Upcoming Technologies, Visual Studio
- (40:35) Nick complains about how slow Visual Studio is to reload projects. Their developers have scripts that just kill and restart Visual Studio, because that's faster than handling project reloads.
- (41:16) Jon asks if Nick's played with Visual Studio "15". Nick wonders about the technology used in the installer. He says it's generally good, but they're running into some issues with solution files changing when moving between versions.
- (42:33) Nick says that they generally don't ever use File / New, they copy an existing project and rename things. There's a discussion about whether it's possible to customize project templates. Jon says you can export a project as a solution template; K Scott mentions that SideWaffle has some capabilities there, too, but there was some "wonkiness". And what's the deal with GUIDs in project and solution files?
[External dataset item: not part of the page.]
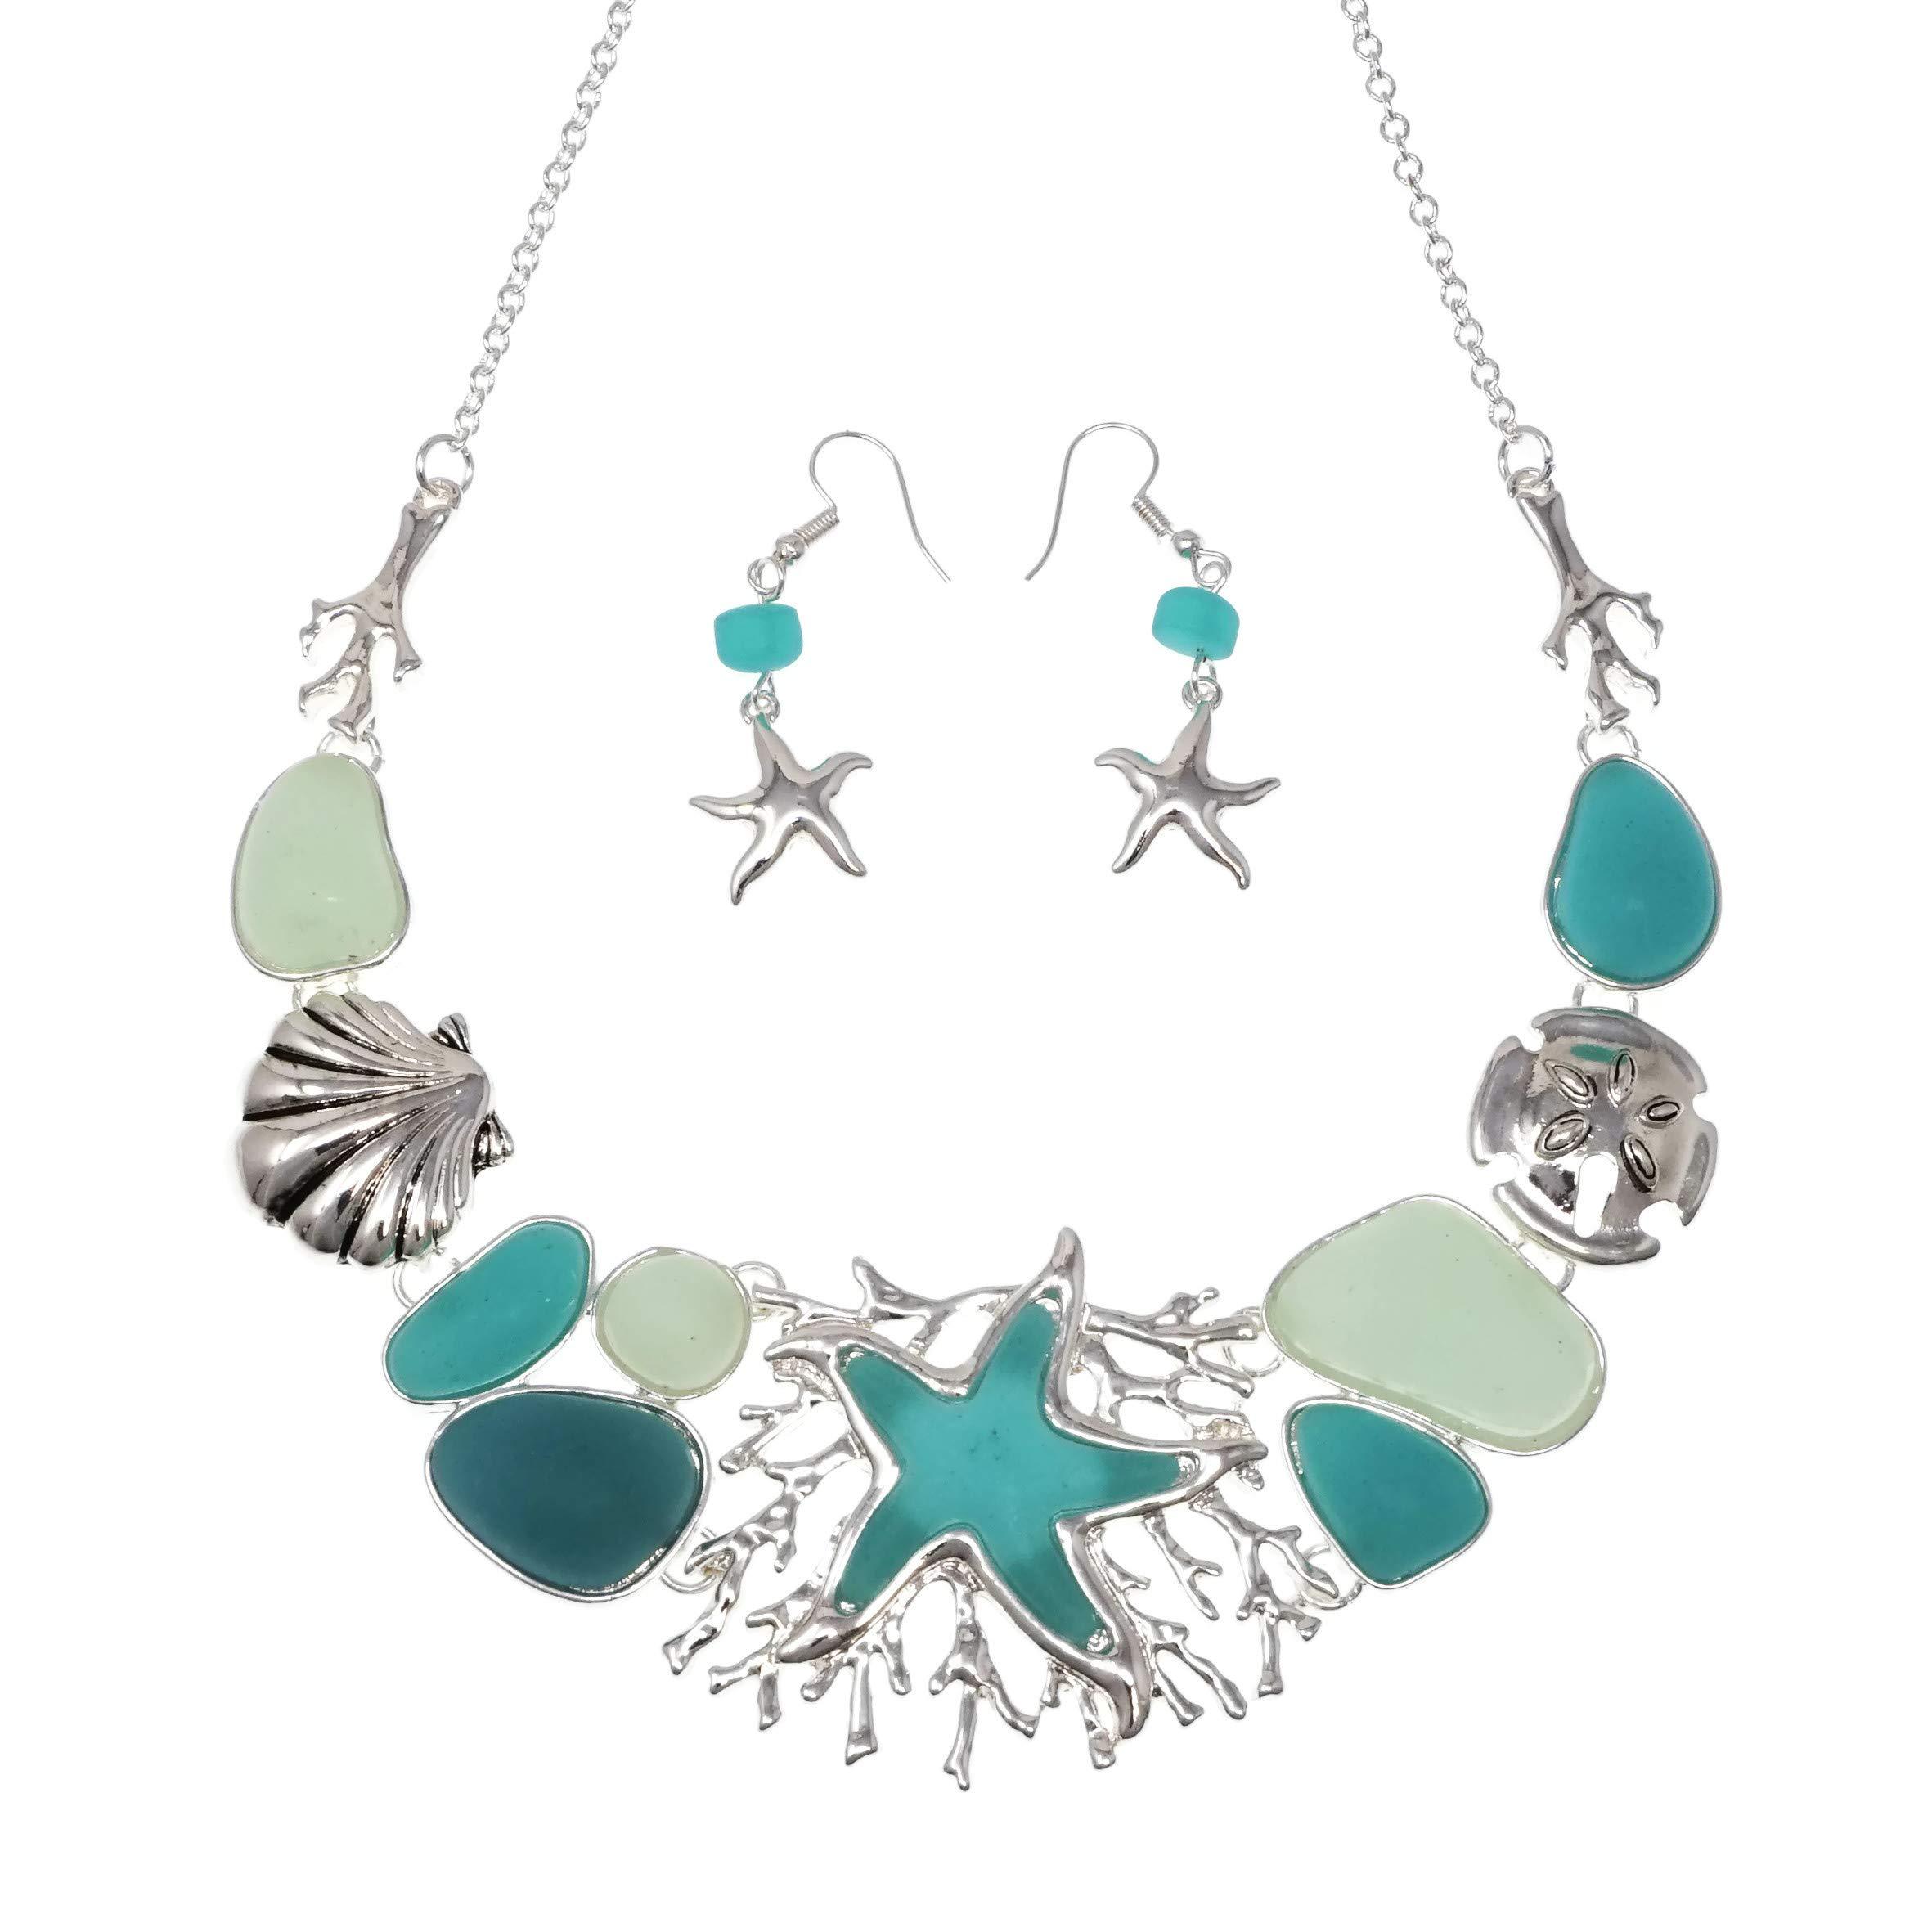 Elosee Mixed Sealife Theme Seaglass Multi Tone Bib Statement 18'' Necklace & Matching Earrings

- (46:09) Scott K mentions a command line base project generator that he started on years ago called ProjectStarter. He wishes that it was possible to configure Visual Studio to define a custom build tool rather than assuming everything's in csproj. He gets that Visual Studio features like IntelliSense depend on controlling the build, but doesn't like that Visual Studio has to "know everything about everything".
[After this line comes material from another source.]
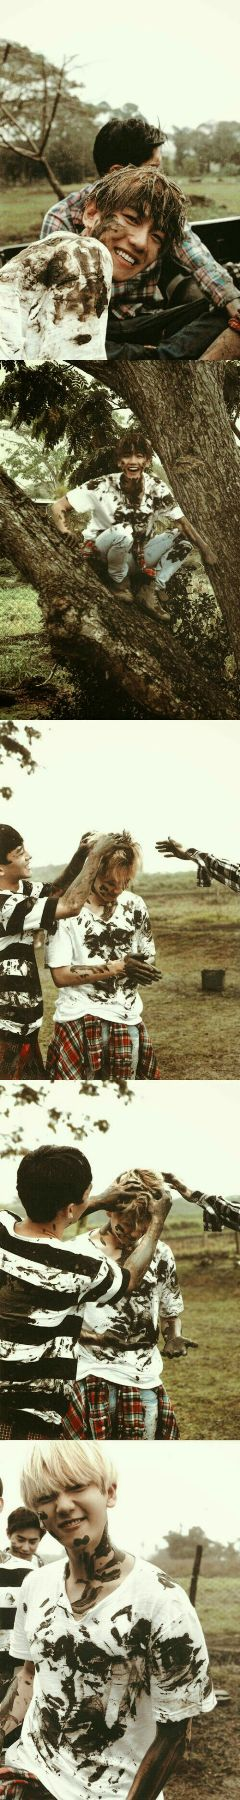 exo kpop perfect cute mud

- (48:55) Jon says he sees two ways that cross-platform can work: either make the frameworks able to work without the tools knowing and controlling everything, or updating Visual Studio Code so it's able to know and control everything. He hopes it's the first way.
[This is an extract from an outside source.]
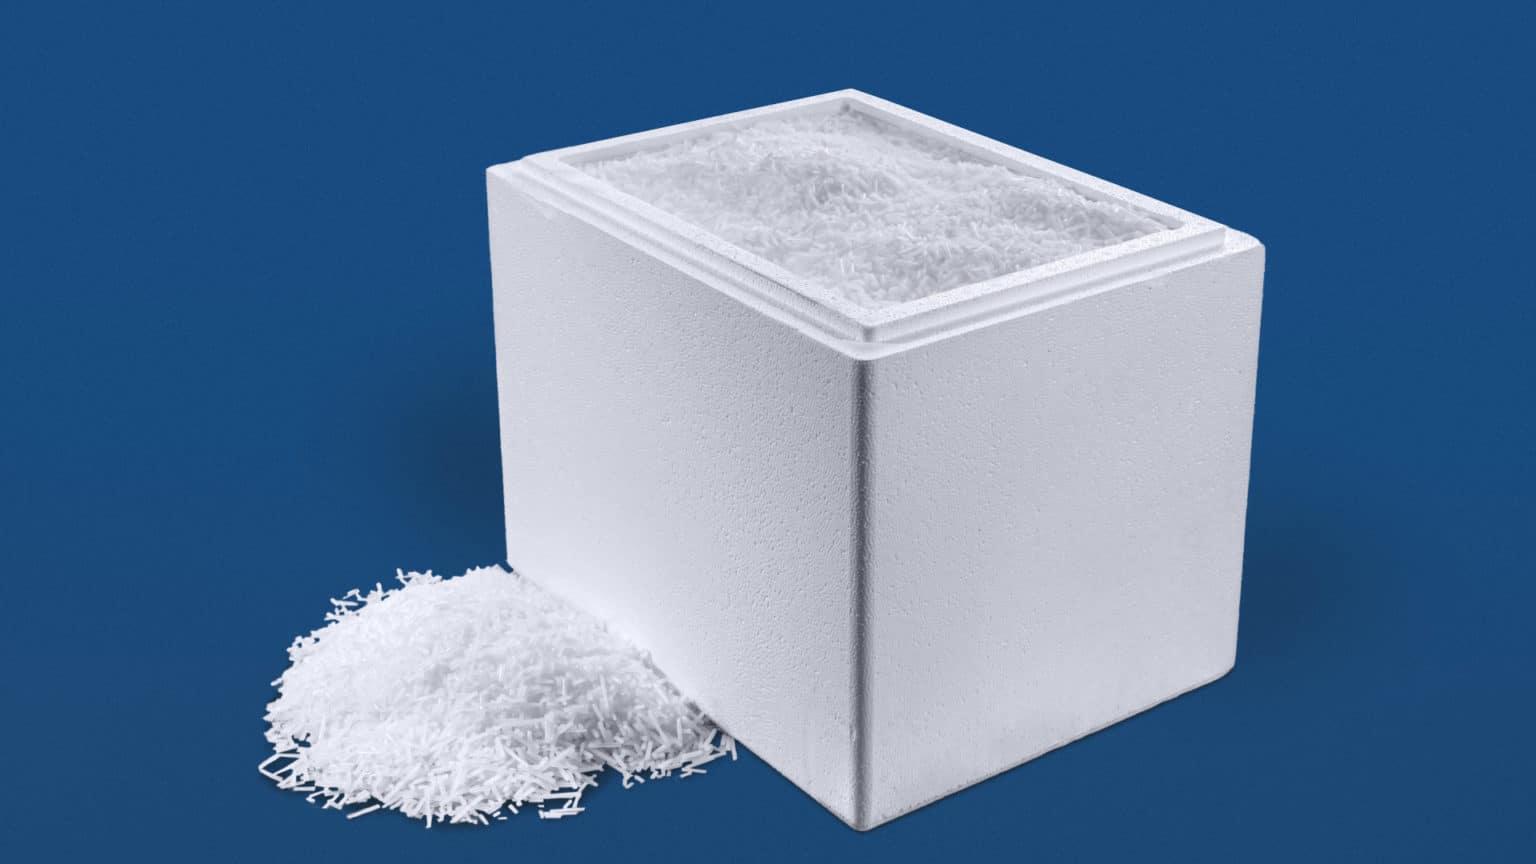 Trockeneis-Strahlpellets-27-kg-in-Styropor-Thermobox

- (49:50) Nick complains about how sometimes in-memory builds don't reflect changes, or csproj doesn't save before a build. He'd like everything to save before builds. Scott K calls out the Save All The Time extension for Visual Studio that Paul Betts made.
- (50:40) Jon asks Nick if they've looked at ASP.NET Core. Nick says that they'll mostly be starting with their internal tools. They have several libs that they'll need to port, and they've got some difficult problems with libraries like MiniProfiler that need to support both .NET 4.x and .NET Core because the underlying APIs have some significant differences. You can't just multi-target code that targets things like HttpContext. Other libraries like dapper and stackexchange-redis haven't been as bad, and they've been working on them because lots of other developers are depending on them.
- (55:03) Jon calls out some of Nick's recent C# 6 tweets. Nick says he likes null coalescing and ternaries - they see more terse code as a lot more readable, but it of course varies by team. Roslyn has been really big for them, things like Moonspeak rely on it.
Questions from Twitter
- (56:23) Matt Warren asks "What performance issues have you had the most fun finding and fixing." Nick mentions the tag engine and a fun debugging issue they ran into where the TimeSpan int constructor uses Ticks rather than seconds or milliseconds, so their cache code was only caching values for tiny fractions of a second rather than thirty seconds. They find out so many issues using MiniProfiler; he wishes more developers would use MiniProfiler (or another tool like Glimpse) in their applications. They run MiniProfiler for every single request on StackOverflow and the overhead is minimal - if they can do it, you can do it.
- (58:17) Matt Warren asks "What the craziest thing they've done to increase performance." Nick talks about the IL related work they've done - sometimes instead of conditional code, it's faster to just swap out the method body. They're pragmatic, they only do this for extreme cases like things that run for every request and have real performance implications. What's the trick for StackOverflow? Keep it simple.